In case you are still interested, this is the avr start-up file in 1.8.0  - it hasn't changed for a long time.

Code: [Select]
/* Copyright (c) 2002, Marek Michalkiewicz <marekm@amelek.gda.pl>
   Copyright (c) 2007, 2008 Eric B. Weddington
   All rights reserved.

   Redistribution and use in source and binary forms, with or without
   modification, are permitted provided that the following conditions are met:

   * Redistributions of source code must retain the above copyright
     notice, this list of conditions and the following disclaimer.

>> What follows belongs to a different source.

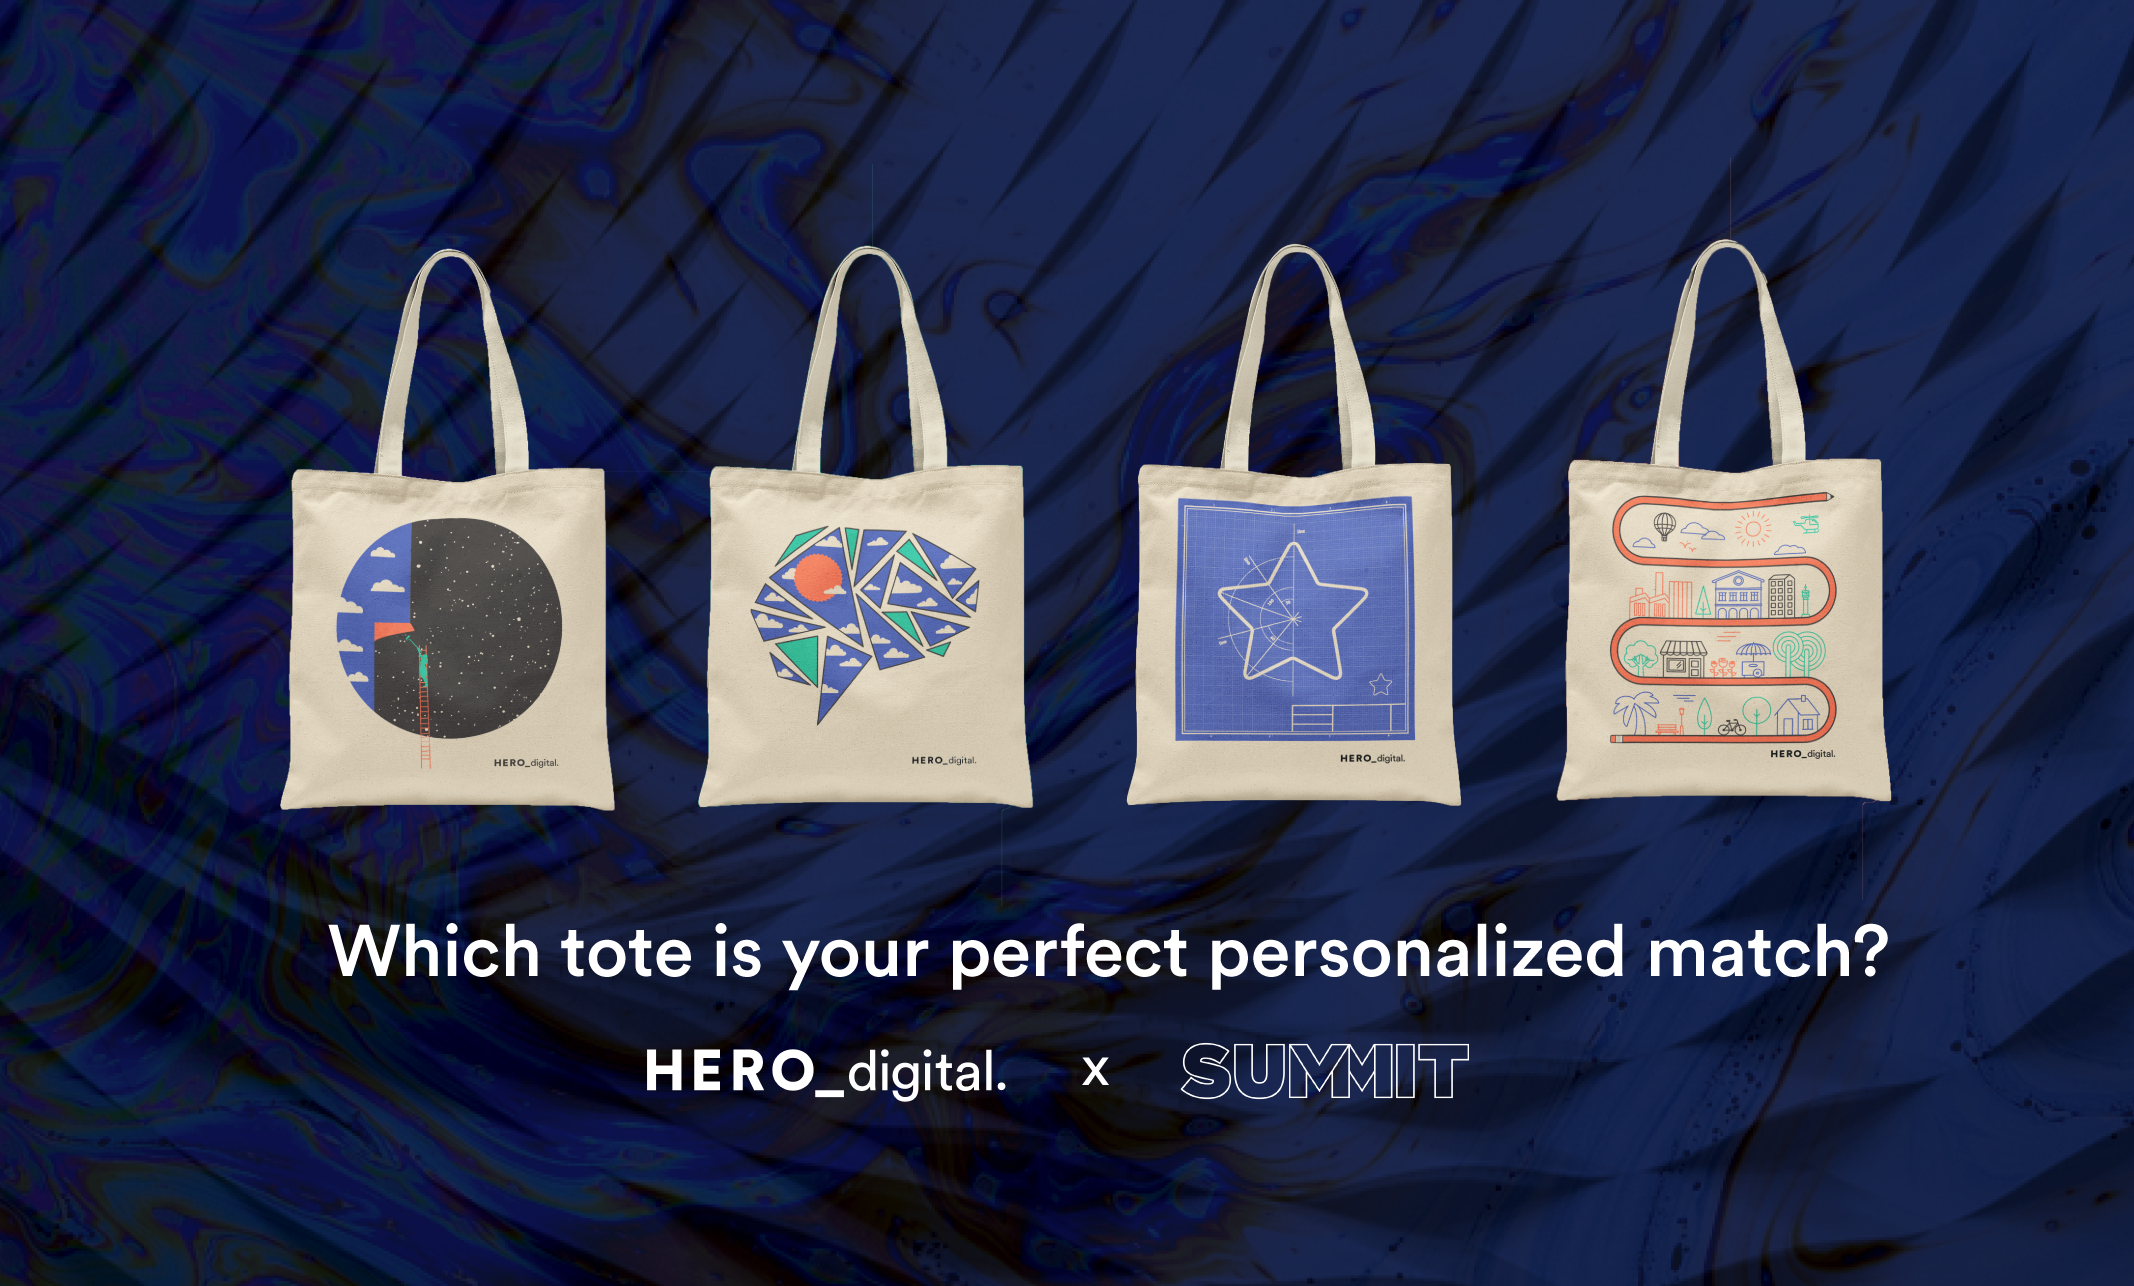 Four tote bags with Lil Tuffy designs and text "Which tote is your perfect personalized match?" with Hero Digital and Adobe Summit logos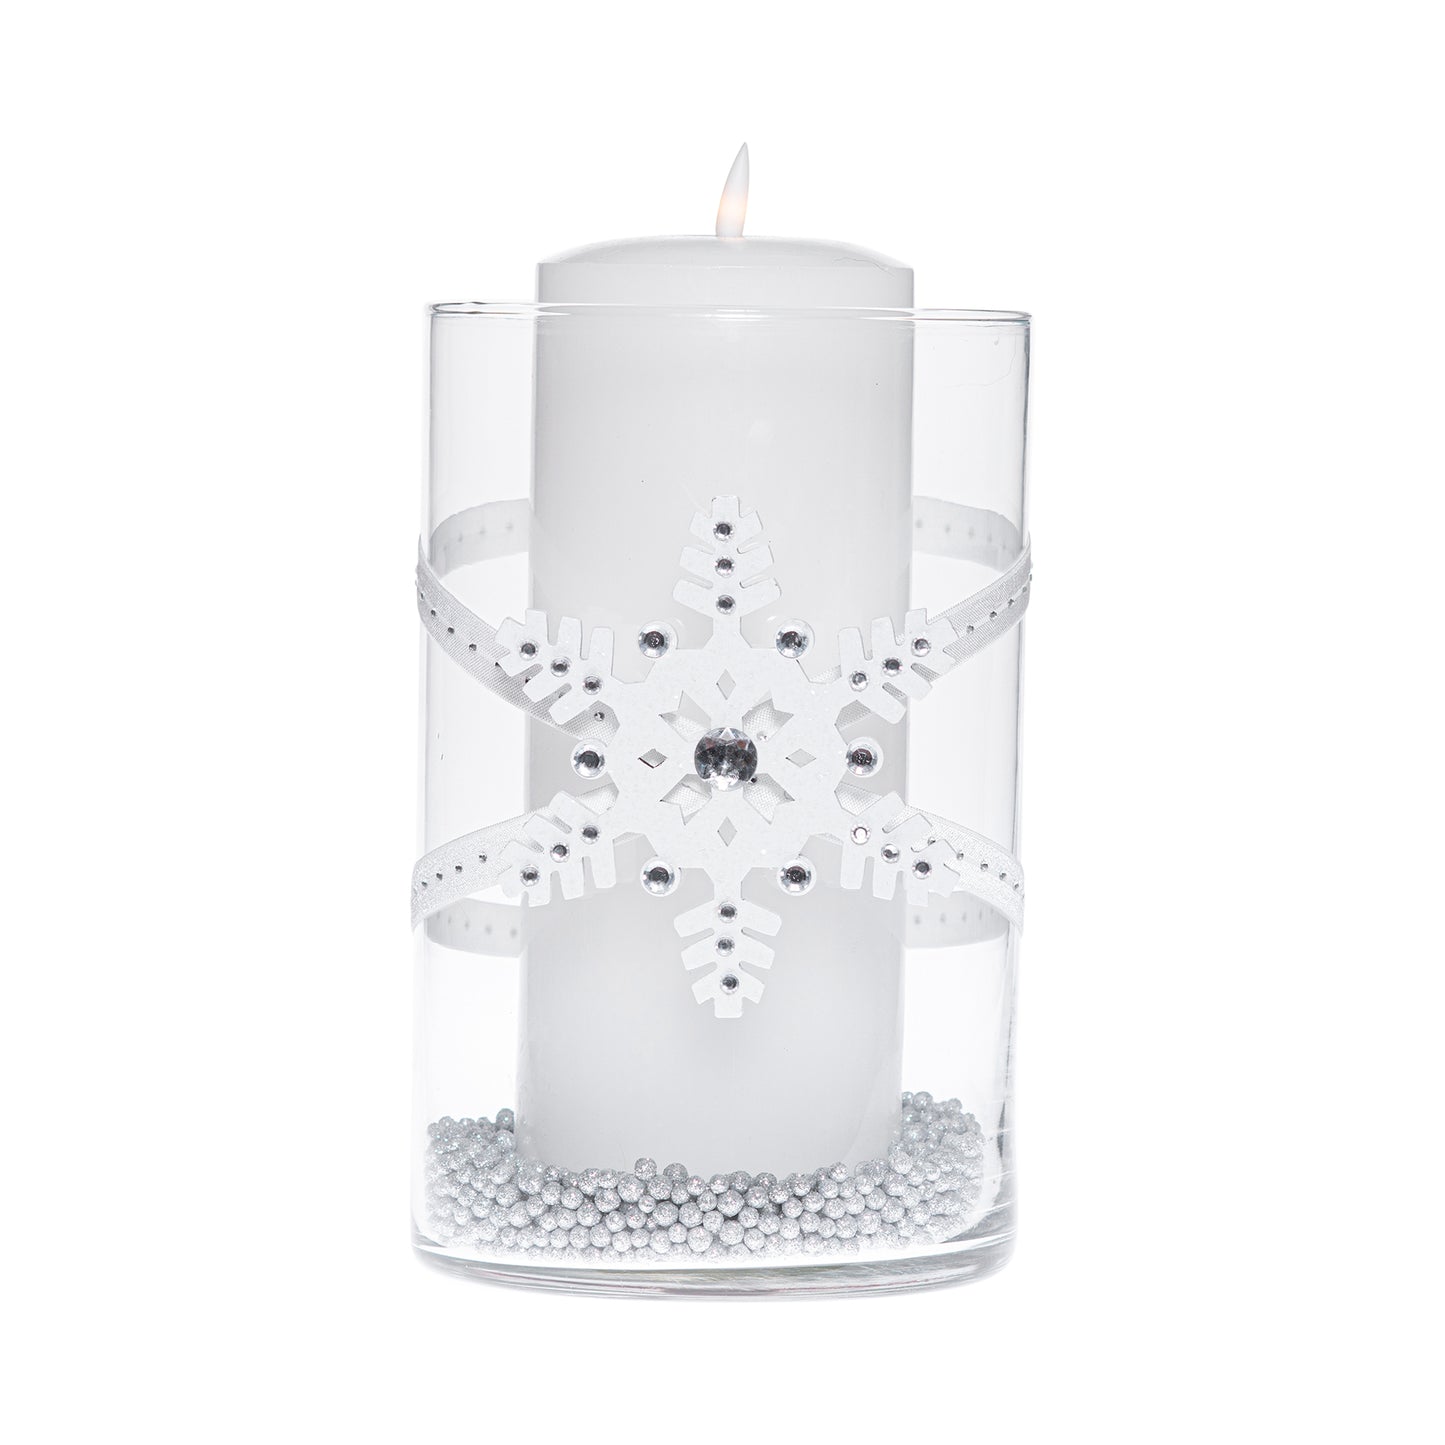 6" x 10" Cylinder White Silver Rhinestone 1X 2 White Gem Wooden Snowflake Holiday Collection Complete Set FREE SHIPPING

   * Redistributions in binary form must reproduce the above copyright
     notice, this list of conditions and the following disclaimer in
     the documentation and/or other materials provided with the
     distribution.

   * Neither the name of the copyright holders nor the names of
     contributors may be used to endorse or promote products derived
     from this software without specific prior written permission.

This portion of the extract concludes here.